Asia,  Hiking,  Nepal

Never Underestimate Nepal’s Monsoon Season

This short piece was written as an entry to National Geographic’s Travel Writer Competition, 2021. I hope that these 500 words transport you to Nepal in rainy season, as we travel through muddy valleys surrounded by some of the world’s highest mountains. 

There’s a lurch and the bus rocks. I peer down to see one wheel half-hanging precariously over the rocky cliff edge. The engine wheezes asthmatically as the vehicle struggles to gain traction against the landslide that almost swept us into the untamed waters of the Kali Gandaki; a river older than the Himalayas themselves. It splutters out and my hopes fall away like the stones we send bouncing into the gorge. We’re stuck.

Nepal’s buses are small, slightly rickety, and colourfully adorned with religious imagery.
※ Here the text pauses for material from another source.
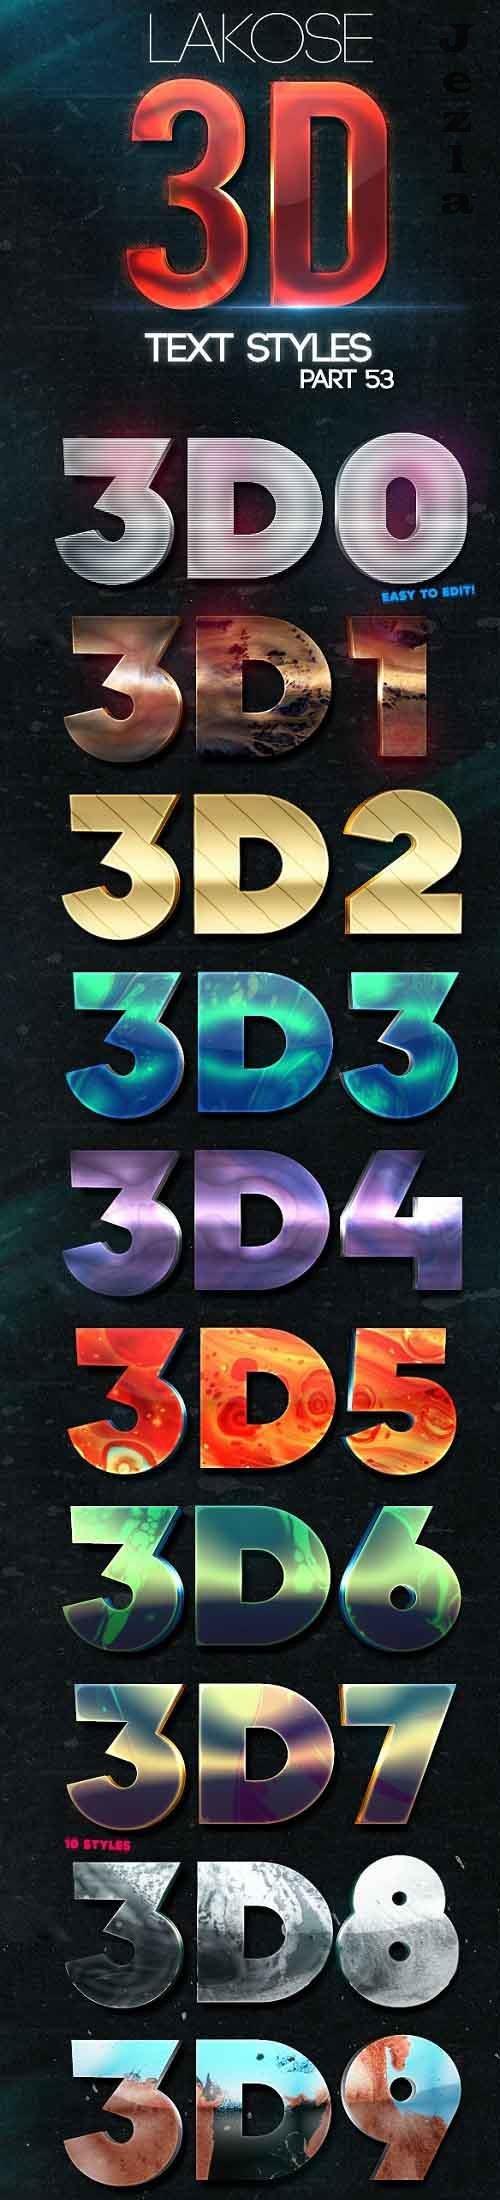 Lakose 3D Text Styles Part 53 27610685

Carelessly careering around corners, they are a main form of transport for a country in which local wages render air travel inaccessible for most. Hours earlier I’d ducked into my tiny seat, sacrificing legroom for a space at the front and a window that promised panoramic views. I wasn’t expecting a bus like this to take me down the unpaved dirt tracks that wind their way through some of the tallest mountains in the world. Yet here I was.

Lightning flashes across the tar-black sky, momentarily illuminating the skeletons of two vehicles in the gorge beneath us. My knees tucked up against my chin, I try to push down the waves of anxiety threatening to pull me under should we fall into the turbulent waters below. The humid monsoon air does nothing to dissipate the overpowering scent of incense that is slowly filling the vehicle with a sweet-smelling haze. Droplets of rain hammer against the window, drowning out the faint sound of Bollywood tunes playing through tinny speakers.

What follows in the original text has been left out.